Additionally, Gov. Herbert recognized Russell M. Nelson, M.D., Ph.D., with a medal for lifetime achievement. A world-renowned heart surgeon and medical researcher, Dr. Nelson was celebrated for his groundbreaking work that continues to play a vital role in modern cardiac surgery practices.

Next year’s Utah Technology Innovation Summit will take place on April 1, 2019. For more information visit https://utahinnovationsummit.org/.

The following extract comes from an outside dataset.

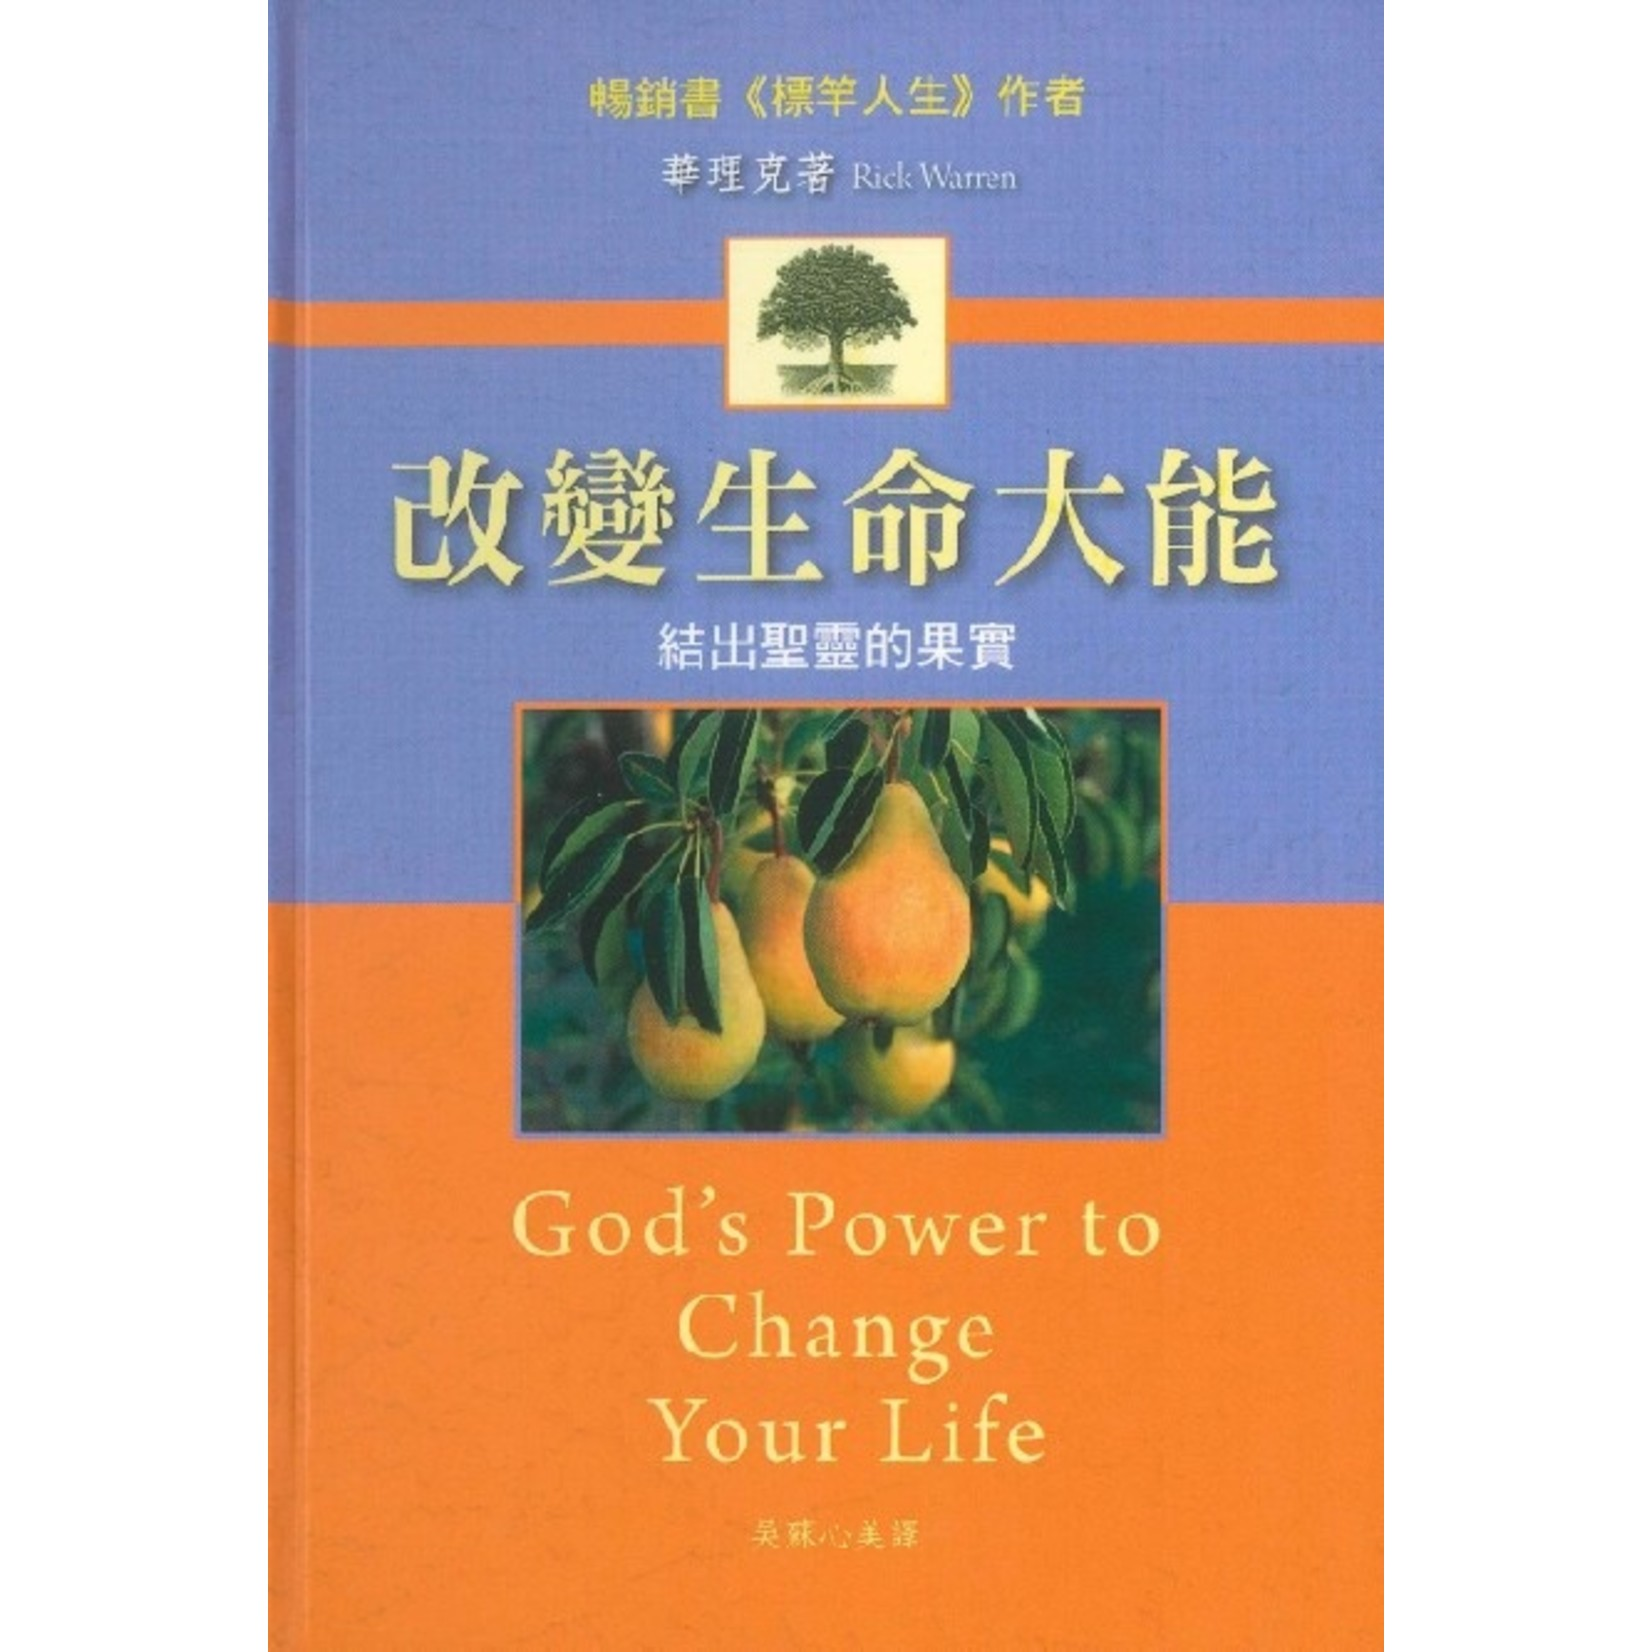 基督使者協會 Ambassadors for Christ 改變生命大能:結出聖靈的果實 God's Power To Change Your Life

  1. Utah shines at Bio Korea

In May, USTAR and Church & State, a non-profit business incubator, coordinated a trip to Bio Korea—one of the world’s largest bioindustry trade shows—with support from the Center for Technology and Venture Commercialization (TVC) at the University of Utah, World Trade Center Utah (WTC Utah), and the Economic Development Corporation (EDCUtah).

Six USTAR client companies—iVeena Delivery Systems, Photorithm, Progenitor Life Sciences, Q Therapeutics, T3S Technologies, and TheraTarget—were able to meet with potential investors, network with strategic partners, and demonstrate their technologies to institutional customers.

Two foreign direct investments from Korea in Utah’s deep technology sector were finalized in 2018. Mountain Pacific Venture Fund, a Salt Lake City-based venture capital firm, received investment into its debut fund by TY BIO Investment, Inc., a wholly-owned subsidiary of South Korea-based Tongyang Networks Co., Ltd in August. Additionally, Navigen—another USTAR client company—closed on a funding round from Mountain Pacific Venture Fund, TY BIO Investment, and University Venture Fund II.

Mountain Pacific Venture Fund, which is operated by the founders of Church & State, was able to utilize Bio Korea to accelerate both of the two investments. The trade show also further developed USTAR’s strategic partnerships with Church & State, and opened the opportunity for an MOU with Yonsei University’s affiliated medical school in Seoul. USTAR, WTC Utah, and other partners are already arranging plans to return to the trade show in 2019.

  1. USTAR-supported companies close on new funding rounds

2018 was a banner year for USTAR companies that were able to close successfully on follow-on investment rounds.

In addition to Navigen, some of the USTAR client companies that secured follow-on investments include nView medical, a Utah surgical imaging company, which raised $1.2 million; Inertial Sense, a GPS sensor technology company, closed on $2 million; and Turner Imaging Systems closed on a round with Radnet Management, Inc., Cavendish Impact Capital, and private investors.

In calendar year 2017, USTAR-supported companies secured $62.7 million in follow-on funding.

  1. USTAR meets five-year performance metrics in two years

When USTAR’s statute was re-written in 2016, SRI International—a leading research institute—wrote a prospectus detailing 5-year performance benchmarks for USTAR’s new programs.

USTAR has met its 5-year benchmarks in just two years, according to data collected and verified by a third-party consultant, TEConomy Partners, LLC.  In just two years, USTAR-supported companies received $123.1 million in follow-on funding, created 424 high-wage full- and part-time jobs, and generated $27 million in product sales.

TEConomy found that from the first to second year of USTAR’s new programs, USTAR client companies saw a 351 percent increase in sales. Additionally, the average full-time salary created by USTAR-supported companies was nearly $90,000, which is 187% above the Salt Lake County average.

This performance and impact data highlights not only the effectiveness of USTAR’s programs, but the key role they play in facilitating job creation and economic growth through Utah.

As 2018 comes to a close, USTAR looks forward to building on this success in 2019.